Just wanted if any of you ran into this same situation.

I guess I could take the motor apart and measure the bore....


----------



## Crenshaw's Finest

327 according to my Z28 book.


----------



## LaidbackLuis

> _Originally posted by Crenshaw's Finest_@Sep 2 2008, 08:05 AM~11496026
> *327 according to my Z28 book.
> *


thx crenshaw.... 

so far i called a few spots and they all say 327 also.... the stamping on the 2 barrell rochester also indicates a 327 with manual tranny.....

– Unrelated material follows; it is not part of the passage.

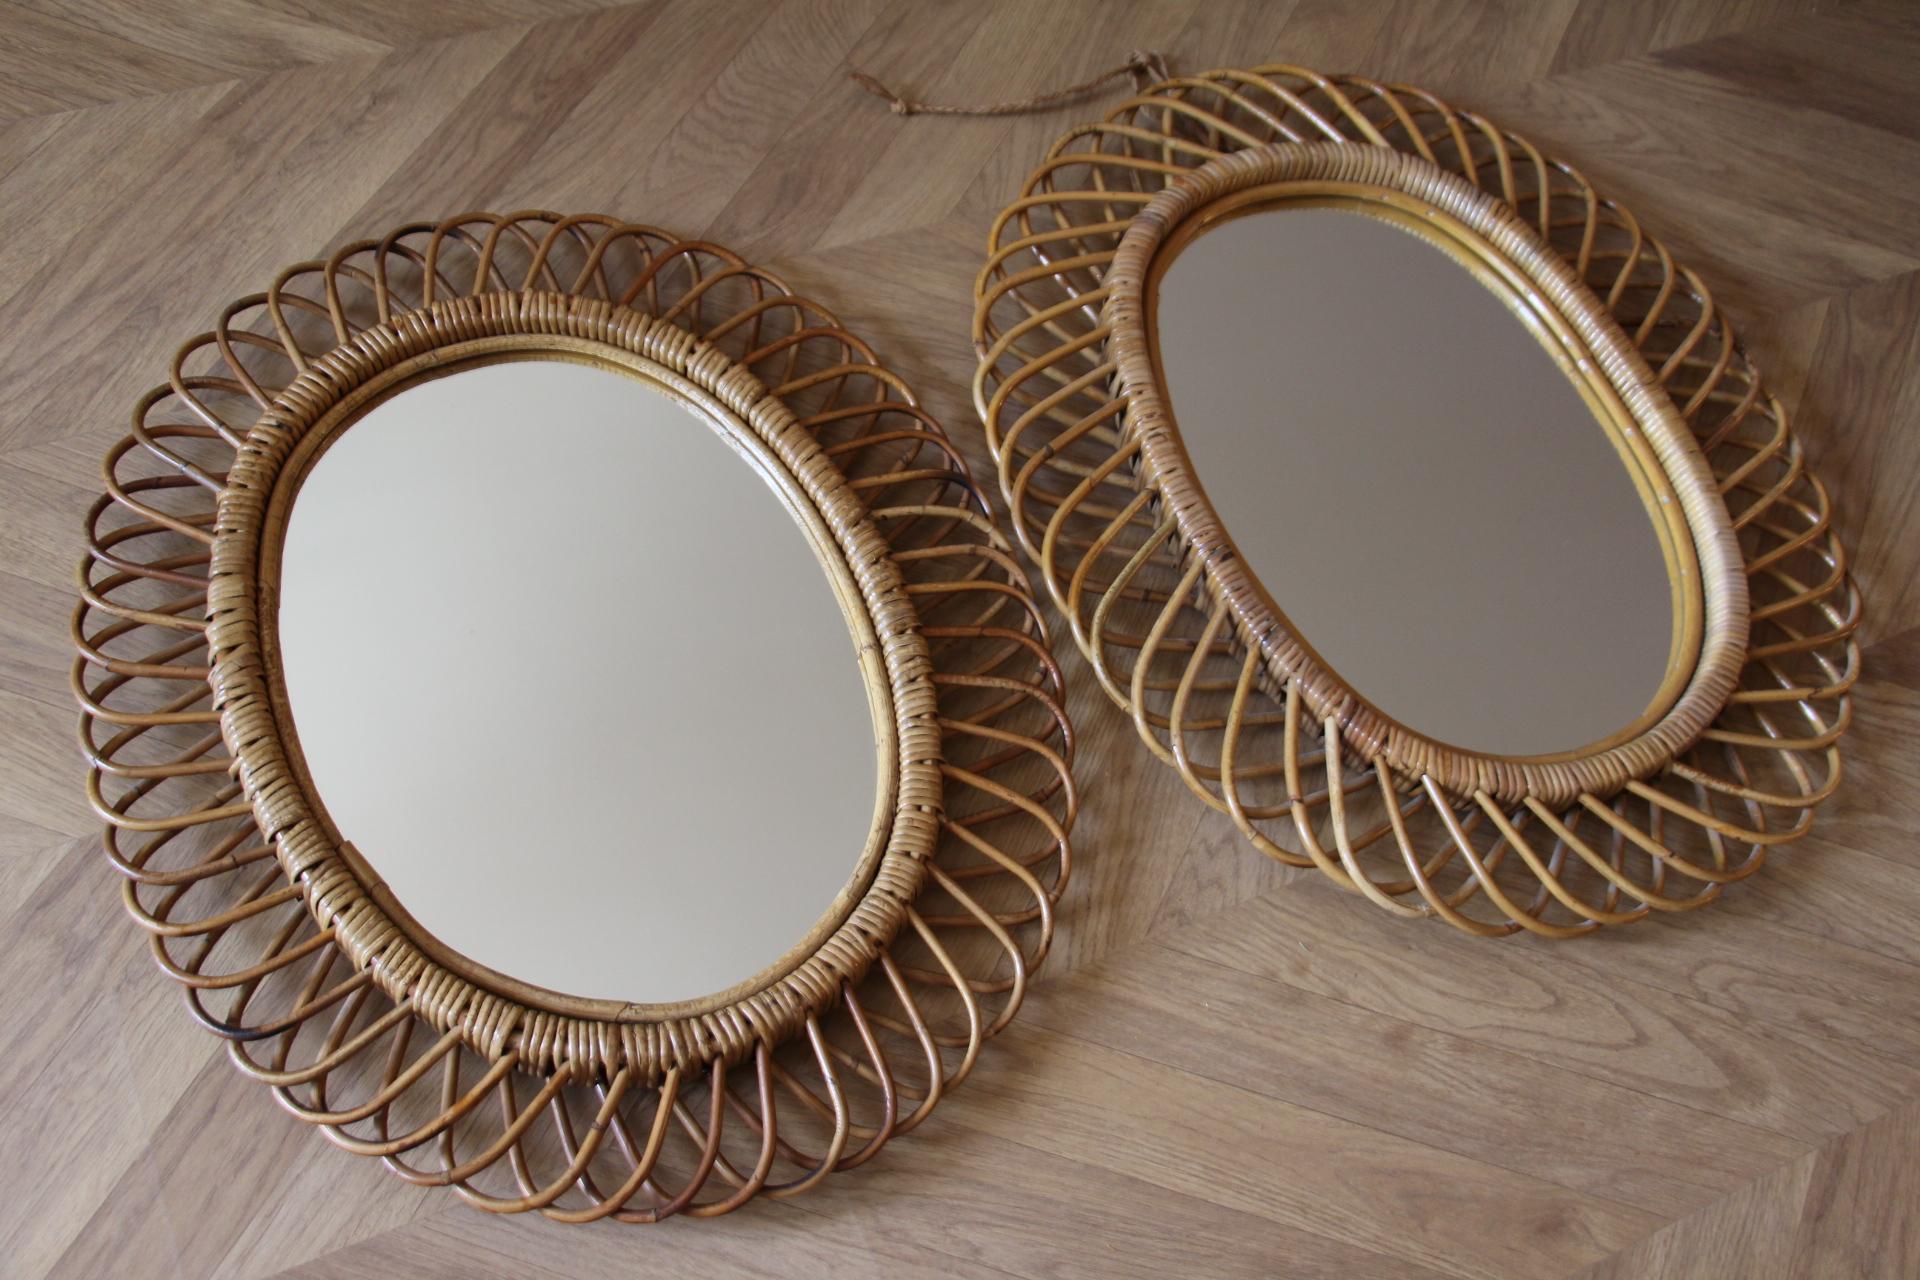 Pair of Vintage 1960s Rattan and Bamboo Round Wall Mirror by Franco Albini For Sale 6
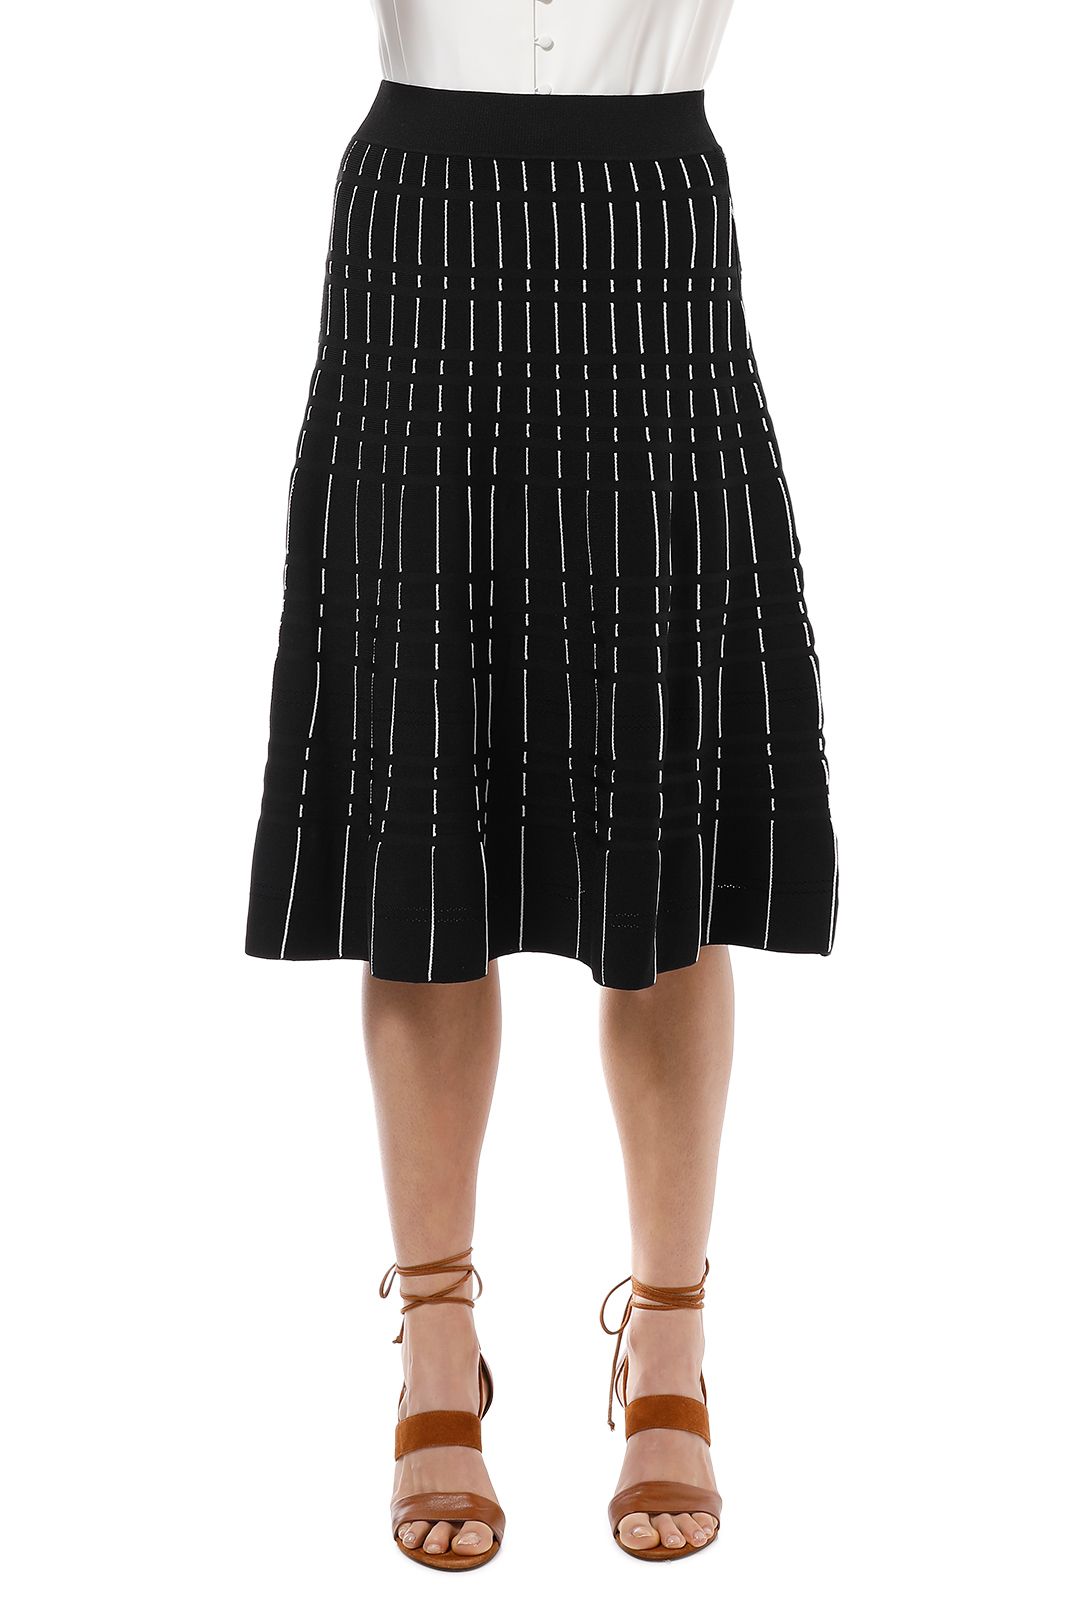 Milly Milano Skirt by Saba for Hire | GlamCorner

now im debating if i should sell it or keep it....


----------



## CAPRICE2LOW

> _Originally posted by Sin7_@Sep 2 2008, 06:33 AM~11495737
> *For the longest time I thought my old motor was a 307, but I took a closer look at the casting number on the rear and this whole time i had the last digit wrong...
> 
> I thought it was 3914636 but turns out the last digit is an 8.
> 
> Searched all over the web and its a split as to what exactly the motor is. Some say its a 307 out of a truck and others say its a 327.
> 
> Just wanted if any of you ran into this same situation.
> 
> I guess I could take the motor apart and measure the bore....
> *


3914638....327.....68....2
3914653....307...68-73...2
3914660....327.....68....2
3914678....302.....68....2
3914678....327.....68....2
3914678....350.....68....2
3931174....307.....68....2
3932371....307...69-73...2
3932373....307...68-73...2
3932386....
found this on a hot rod forum


----------



## CAPRICE2LOW

oops i had a brain fart got the wrong one


----------



## CAPRICE2LOW

3914636....307.....68....2
3914638....327.....68....2
3914653....307...68-73...2
this is it


----------



## LaidbackLuis




----------



## LaidbackLuis

some cat is offering me $200 for it.. Should i sell ?


----------



## RO Sleepy

> _Originally posted by Sin7_@Sep 2 2008, 05:07 PM~11500148
> *some cat is offering me $200 for it.. Should i sell ?
> *



no

unless to me
but in that case ill give u 50 bucks


----------



## Ragtop Ted

> _Originally posted by Sin7_@Sep 2 2008, 04:07 PM~11500148
> *some cat is offering me $200 for it.. Should i sell ?
> *


Its up to you. 1968 327's had a large journal cast iron crank. 1962-1967 327's had a small journal steel crank. The 62-67 mills are more suited for performance, higher revving. I'd sell it, but that's just me.


----------



## LaidbackLuis

> _Originally posted by Ragtop Ted_@Sep 2 2008, 10:23 PM~11503372
> *Its up to you.  1968 327's had a large journal cast iron crank.  1962-1967 327's had a small journal steel crank. The 62-67 mills are more suited for performance, higher revving.  I'd sell it, but that's just me.
> *


dude's coming over this afternoon to take a look at it.... 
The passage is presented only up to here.